En fait, il est possible que des circonstances extraordinaires
aient mis un Barizain sur le chemin de Sigalon. En effet, le père de Louis et
Eugène avait un frère, Jean Auguste Désiré Barizain dit Monrose (Rouen, 23
germinal An V/12 avril 1797 - Ingouville, 3 décembre 1829). Jean est
effectivement né à Rouen le 12 avril 1797. Il s'est marié à Nîmes le 17 janvier 1818 et est mort à Ingouville le 3 décembre 1829.
Sigalon
avait dix ans quand Barizain est né, mais la présence de Jean Barizain à Nîmes
semble faire pencher la balance du côté d'une possible rencontre. En revanche,
1805 semble étrange - très étrange.
Pourtant...
Dans la
liste des élèves de David - et en particulier ceux qui se sont rebellés contre
le maître et ont formé la "secte des Barbus" (aussi appelés les
Primitifs, les Penseurs ou les Méditateurs), il y a effectivement un Barizain,
surnommé « Monrose le Jeune », ce qui serait
dans la tradition, puisque le père se prénommait Jean. La secte des
barbus était guidée par Pierre-Maurice Quay (1777-1803) et le groupe finit par
se séparer quelques années après sa mort. Ce Barizain était le plus jeune
membre et grâce au travail de Delécluze, nous apprenons dans David, son école & son temps : souvenirs, publié en 1855,
que le frère de l'acteur Claude Barizain dit Monrose, était aussi danseur au
Théâtre des Jeunes Artistes (les plus vieux membres de cette troupe n'avaient
que seize ou dix-sept ans au maximum).
Certains modèles dans les ateliers des artistes étaient des
enfants de moins de dix ans.

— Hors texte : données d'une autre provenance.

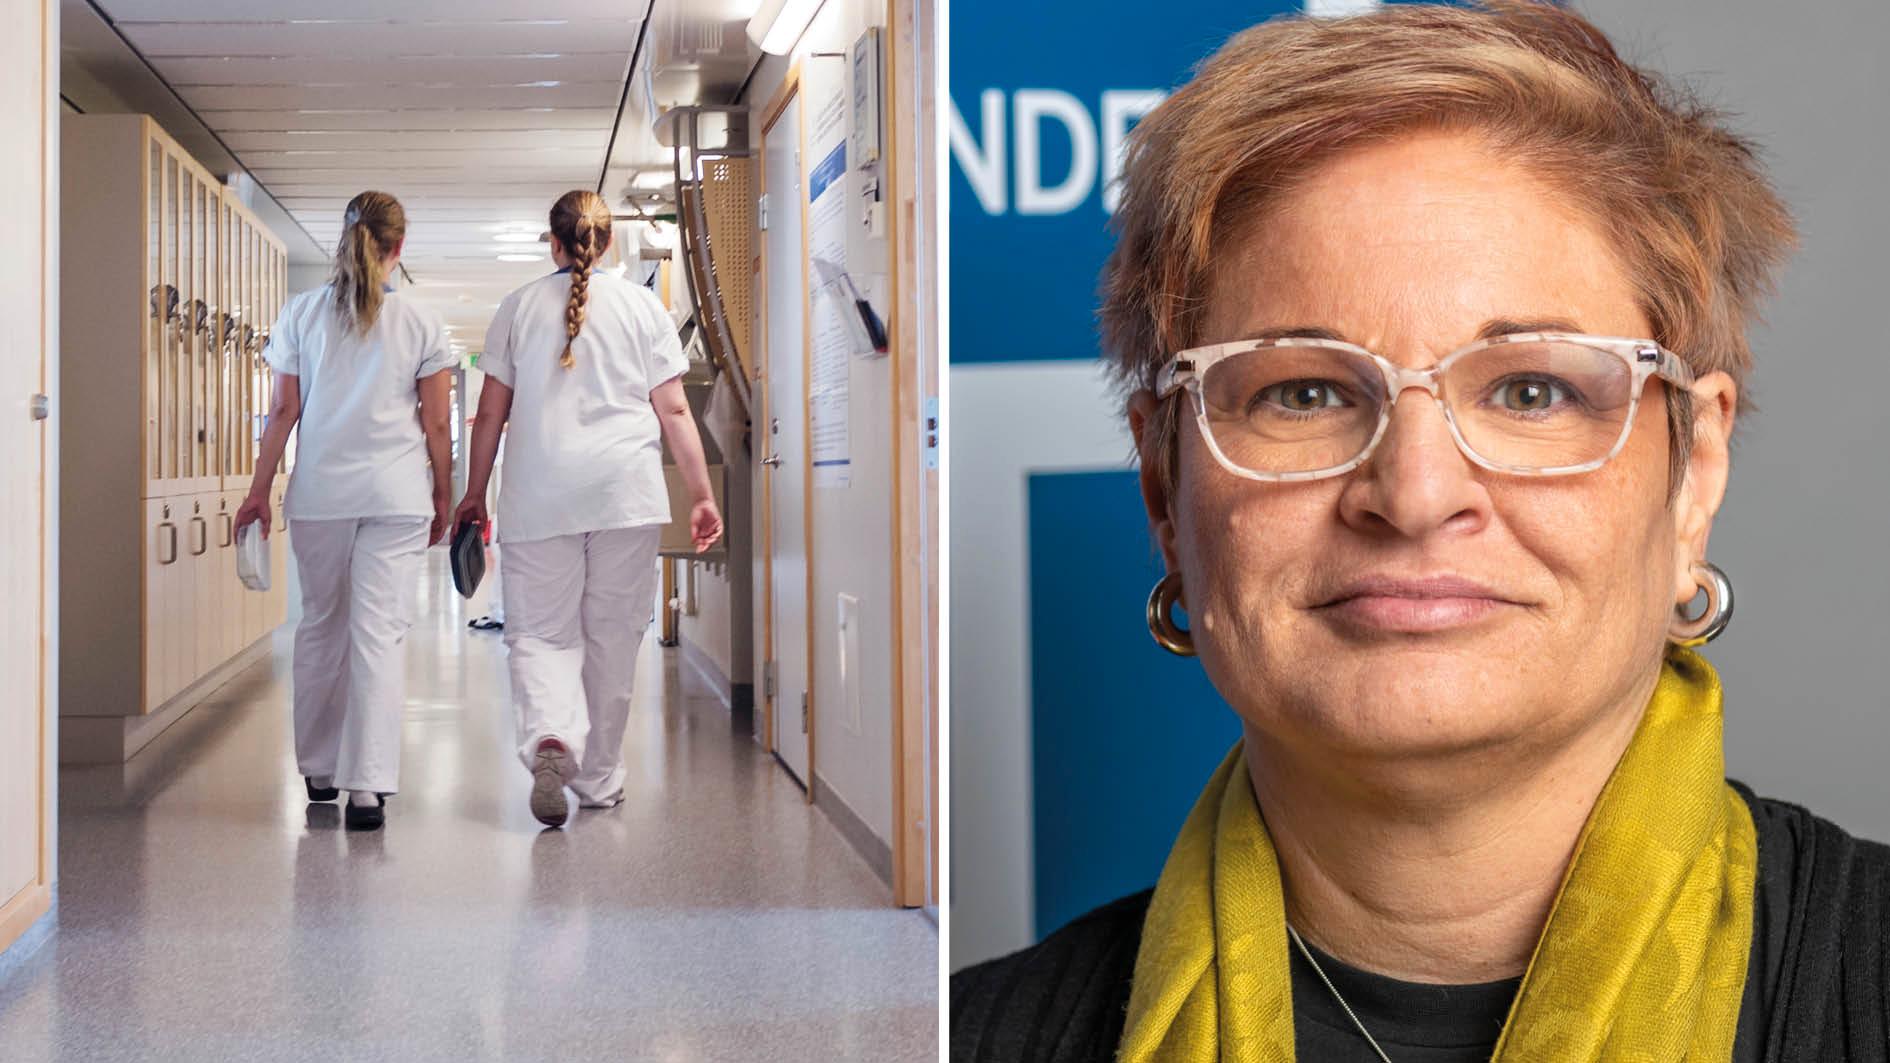 Många sjuksköterskor jobbar deltid för att orka – och det står dem dyrt. En sjuksköterska kan gå miste om så mycket som sju miljoner kronor under ett yrkesliv enligt Vårdförbundets beräkningar, skriver Sineva Ribeiro.
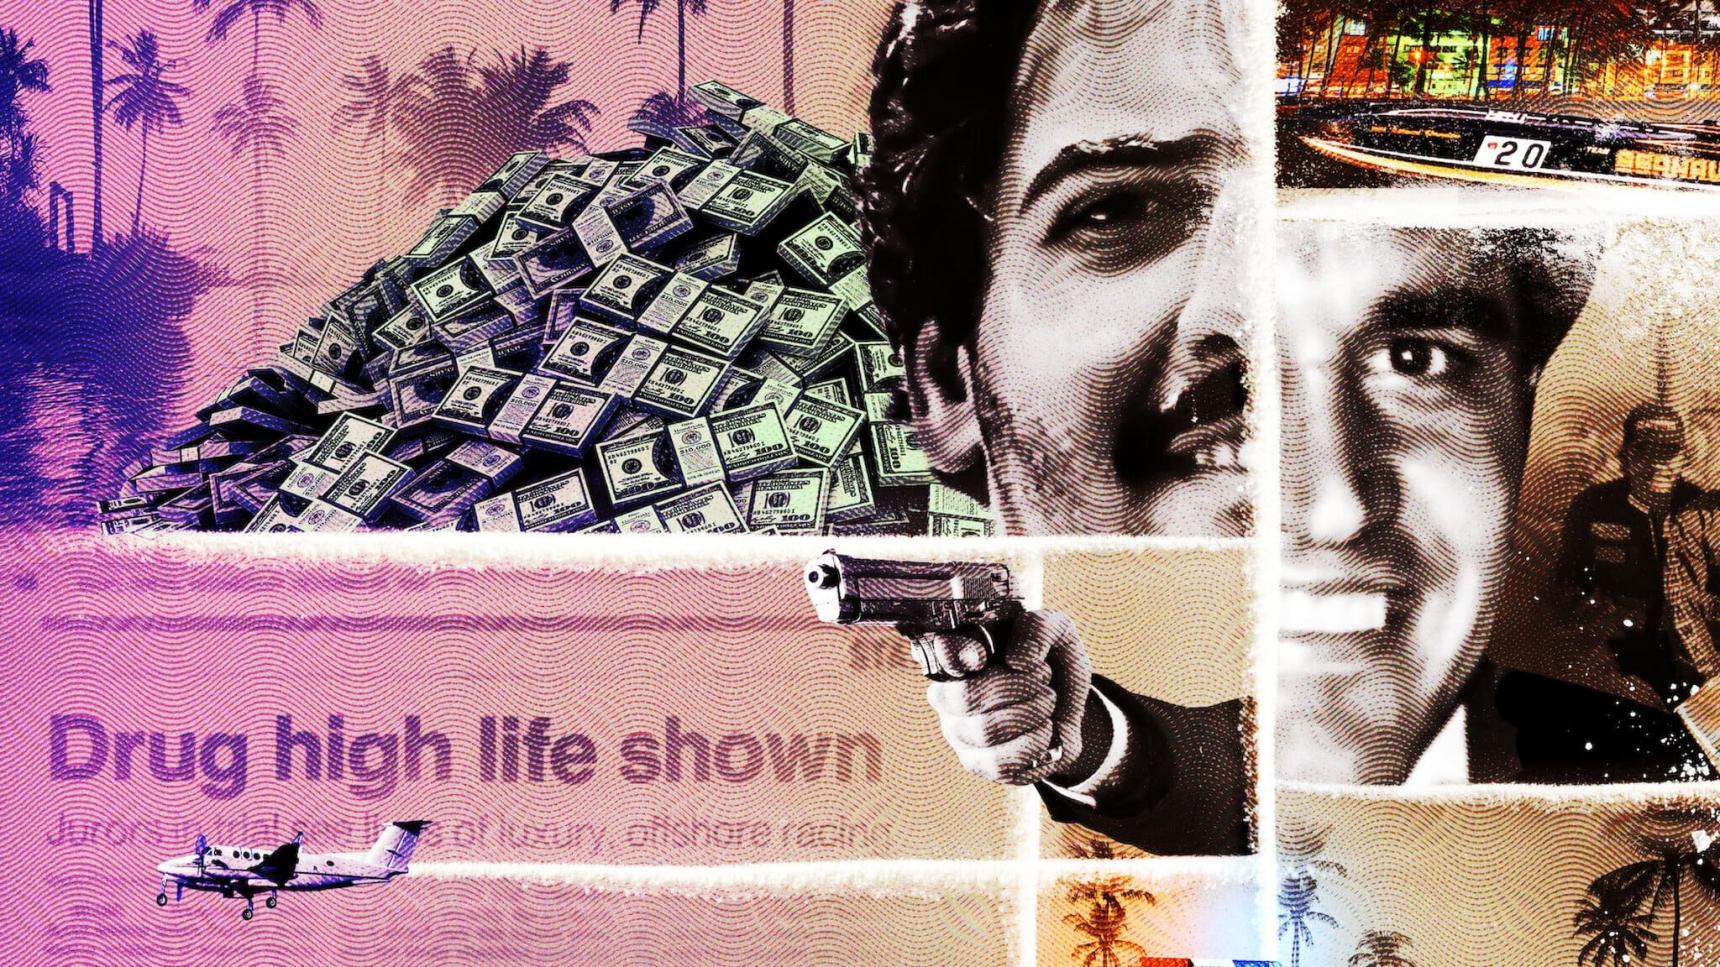 Fondo de pantalla de Cocaine Cowboys: Los reyes de Miami online

On peut imaginer que David ait accepté de former
quelqu'un d'aussi jeune que Jean Barizain (peut-être avec l'idée de modeler ce
jeune esprit).
La
description de Delécluze (pp. 328-330) soulève quand même quelques problèmes :
Ordinairement, dans les écoles, les plus jeunes élèves se font
un point d'honneur d'imiter les plus âgés, surtout dans leurs travers. C'est ce
qui ne manqua pas d'arriver vers 1800-1801, lorsque
la secte des primitifs eut pris tout son développement : Maurice eut parmi les
jeunes dessinateurs un imitateur ou plutôt un singe, qui donna dans toutes les
folies de la secte des penseurs.
Ce nouvel inspiré était Monrose,
auquel s'étaient joints plusieurs autres élèves. Tandis que son frère aîné
jouait la comédie au Théâtre-Français, dans l'emploi des grandes livrées,
Monrose le jeune était attaché comme danseur au théâtre des Jeunes Artistes*,
et il en était là quand des dispositions plus que douteuses lui firent prendre
la résolution d'étudier la peinture chez David. Lorsqu'il entra dans cette
école, il se ressentait encore des habitudes de sa première profession, et il
lui arriva longtemps de faire plus de pirouettes que de dessins. Forcé d'être économe,
mais mourant d'envie de se singulariser par son costume, à l'imitation des
primitifs ses aînés, il laissa croître ses cheveux et
sa barbe, espèce de travers qui se reproduit tous les dix ans chez les
élèves en peinture, et se mit à prêcher de la morale et à commenter les poésies
d'Ossian devant son petit auditoire. Les poèmes de ce barde étaient
exclusivement le livre, la Bible de ces sous-sectaires, qui se
recrutaient de tout ce que l'atelier de David avait de plus turbulent et de
plus inepte parmi les rapins. Mais une aventure burlesque mit fin à ces
niaiseries. Vers 1805, Monrose et sa troupe
désirant s'échapper de Paris, que dans leurs discours boursouflés ils ne
désignaient jamais autrement que comme une nouvelle Babylone, réceptacle de
tous les vices, résolurent de fuir dans les forêts pour passer une
journée à la manière des héros d'Ossian. Le chef de la
bande, Monrose, muni d'une guitare dont il raclait tant bien que mal, conduisit
ses adeptes au bois de Boulogne, où Dieu sait comme la journée se passa.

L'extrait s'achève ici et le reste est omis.